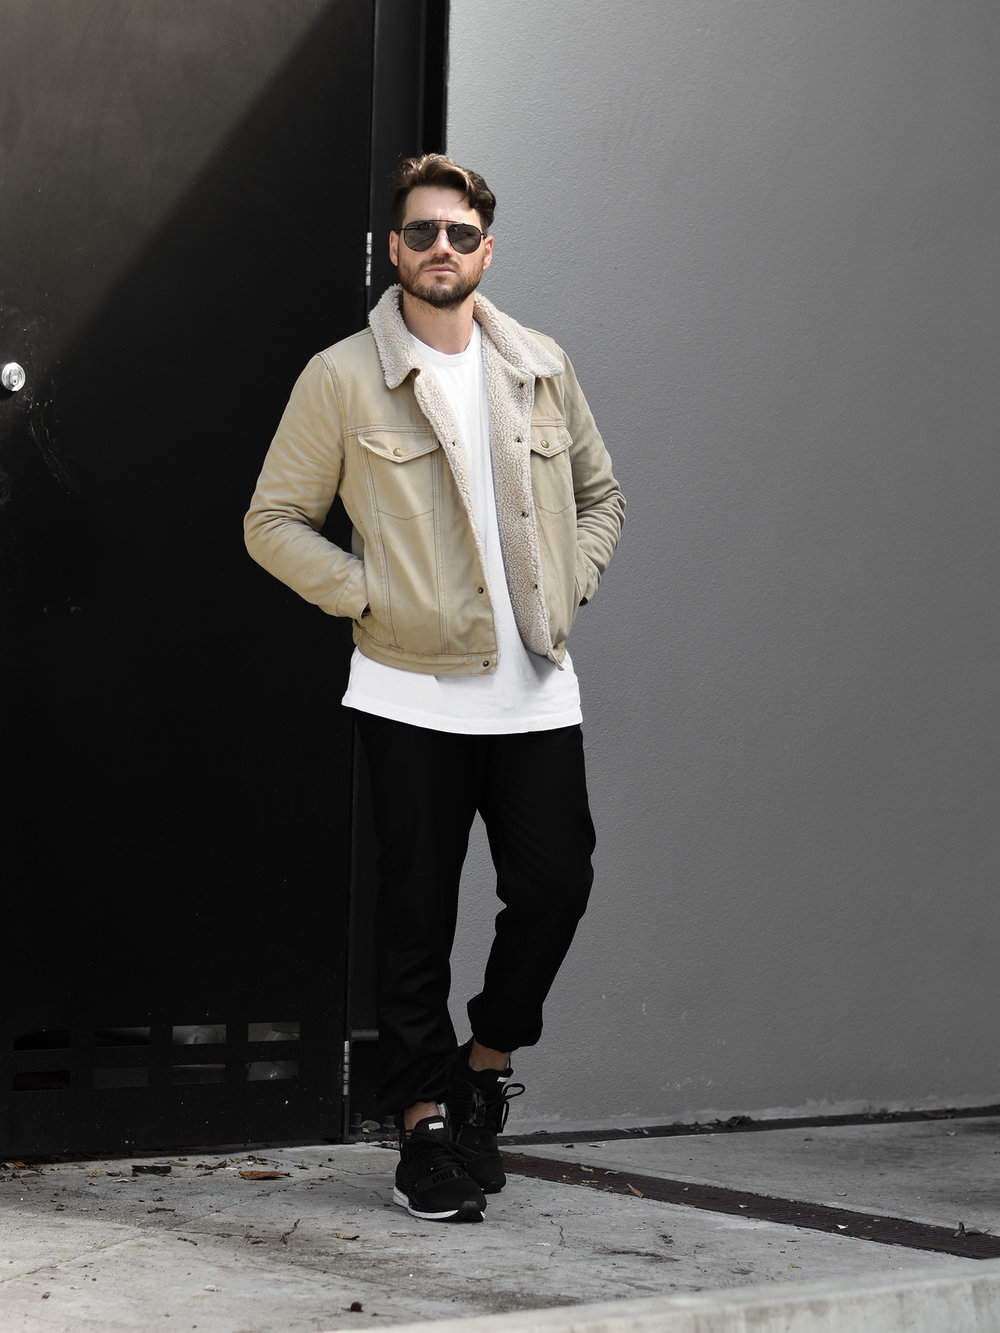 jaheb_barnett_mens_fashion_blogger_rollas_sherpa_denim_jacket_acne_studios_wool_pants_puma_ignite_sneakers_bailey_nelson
...
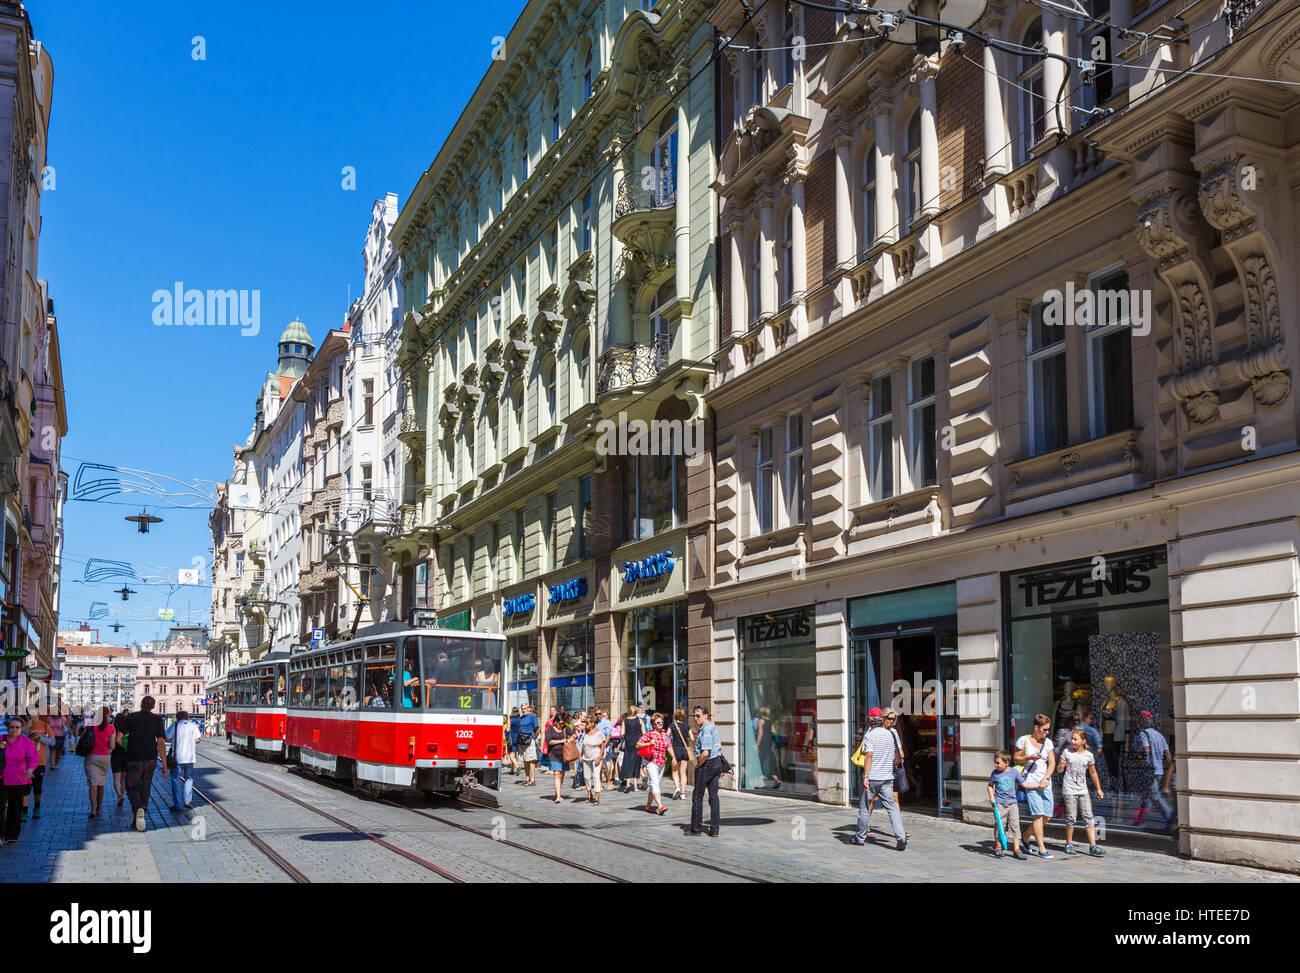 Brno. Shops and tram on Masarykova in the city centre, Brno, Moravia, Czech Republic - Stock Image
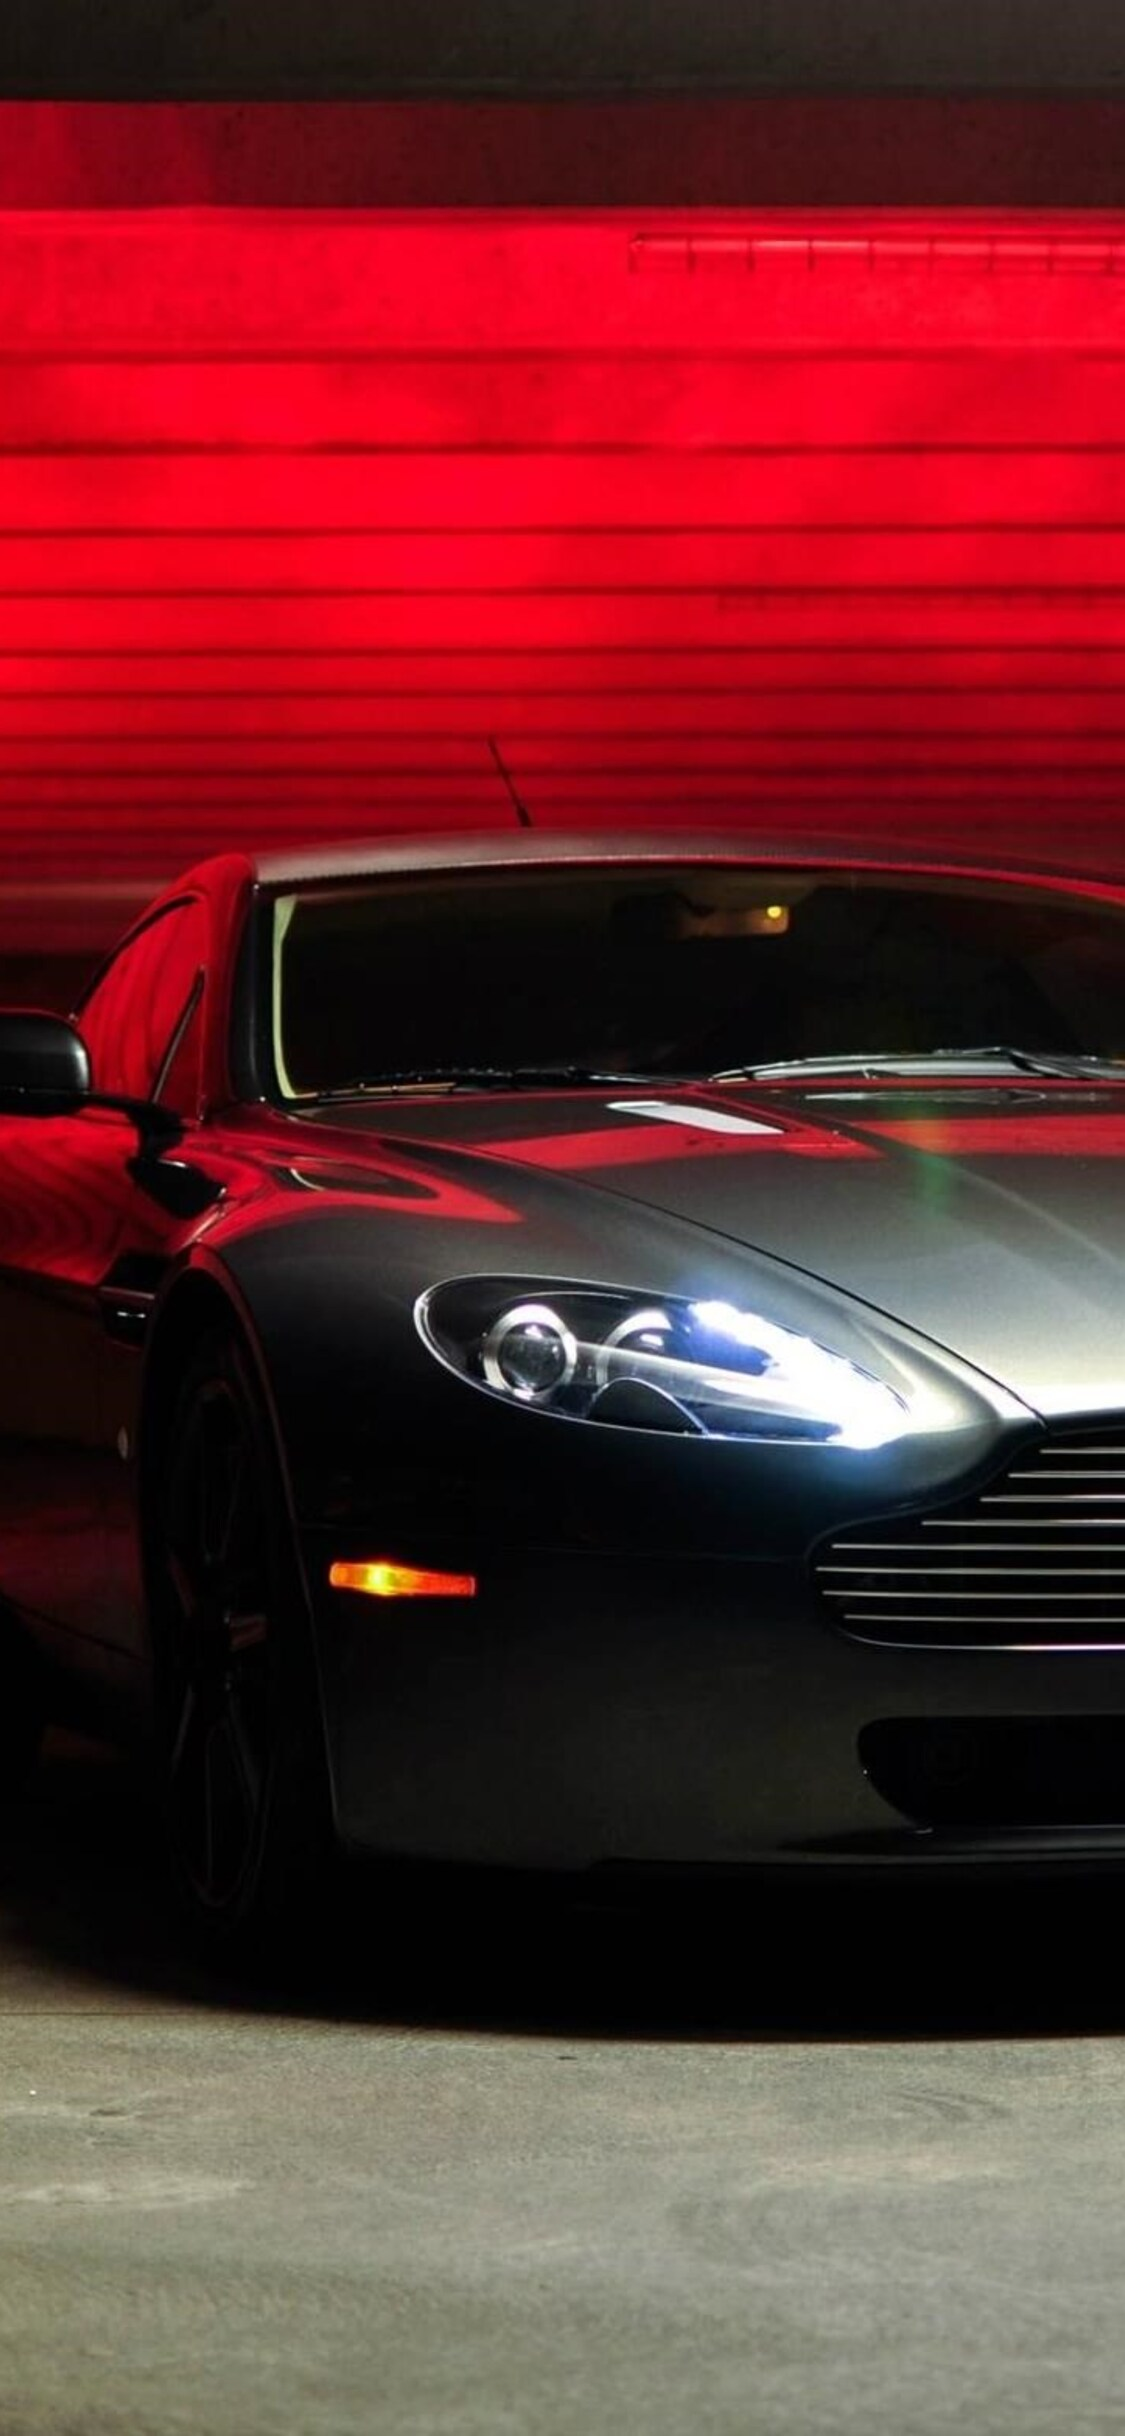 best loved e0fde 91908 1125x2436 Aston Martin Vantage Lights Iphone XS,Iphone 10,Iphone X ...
==
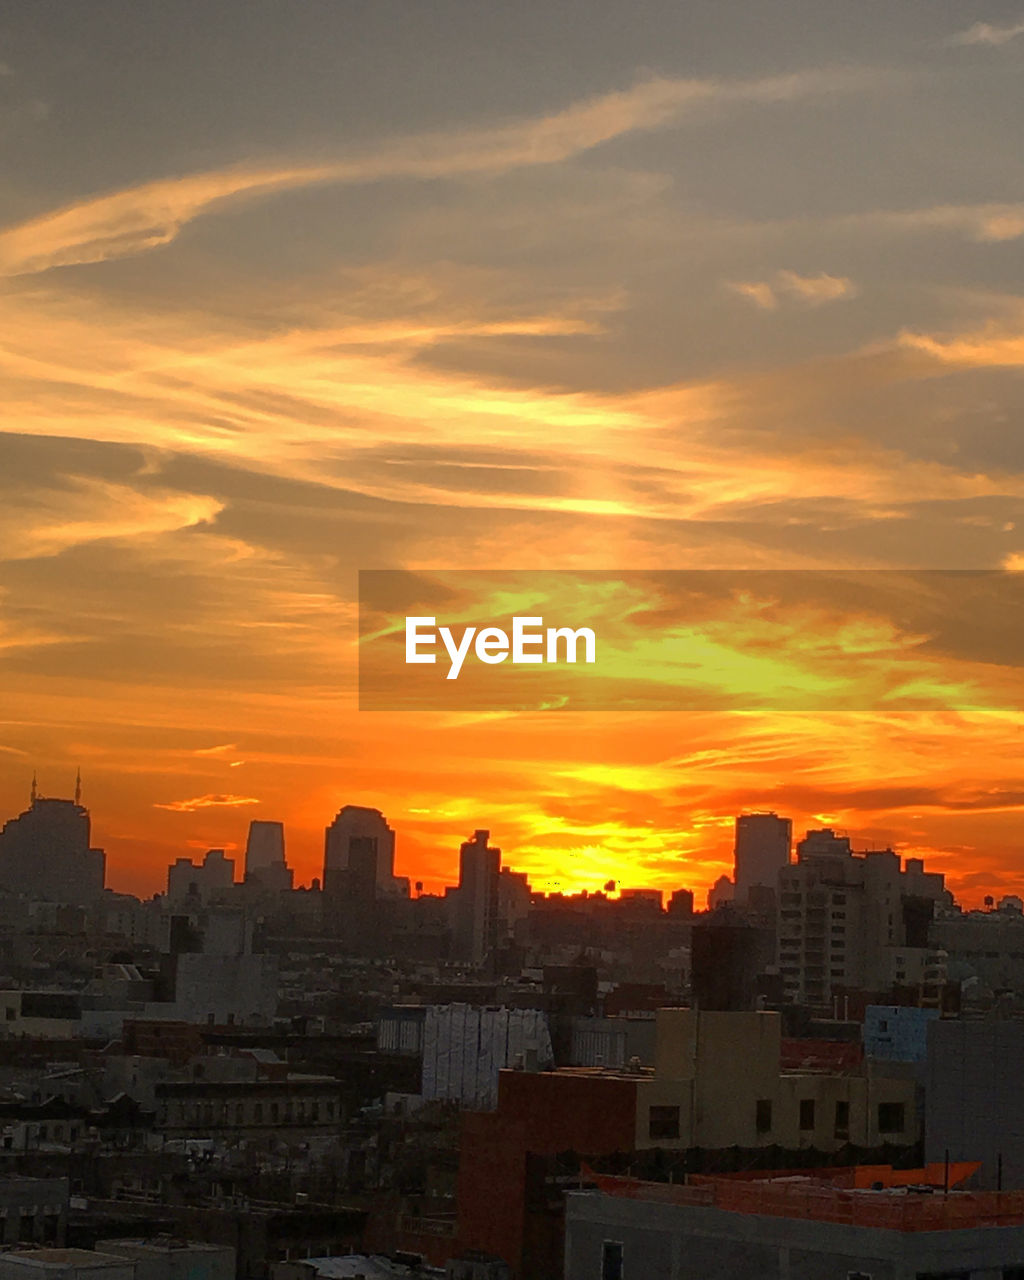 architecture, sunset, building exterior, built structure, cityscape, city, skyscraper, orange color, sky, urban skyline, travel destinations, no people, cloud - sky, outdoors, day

Directions for this task | Above are some records. Reproduce the lines from the one with "Brno. Shops and" down to the one with "best loved e0fde", keeping both, and leave every picture out.

Exercise solution |
 Brno. Shops and tram on Masarykova in the city centre, Brno, Moravia, Czech Republic - Stock Image
 best loved e0fde 91908 1125x2436 Aston Martin Vantage Lights Iphone XS,Iphone 10,Iphone X ...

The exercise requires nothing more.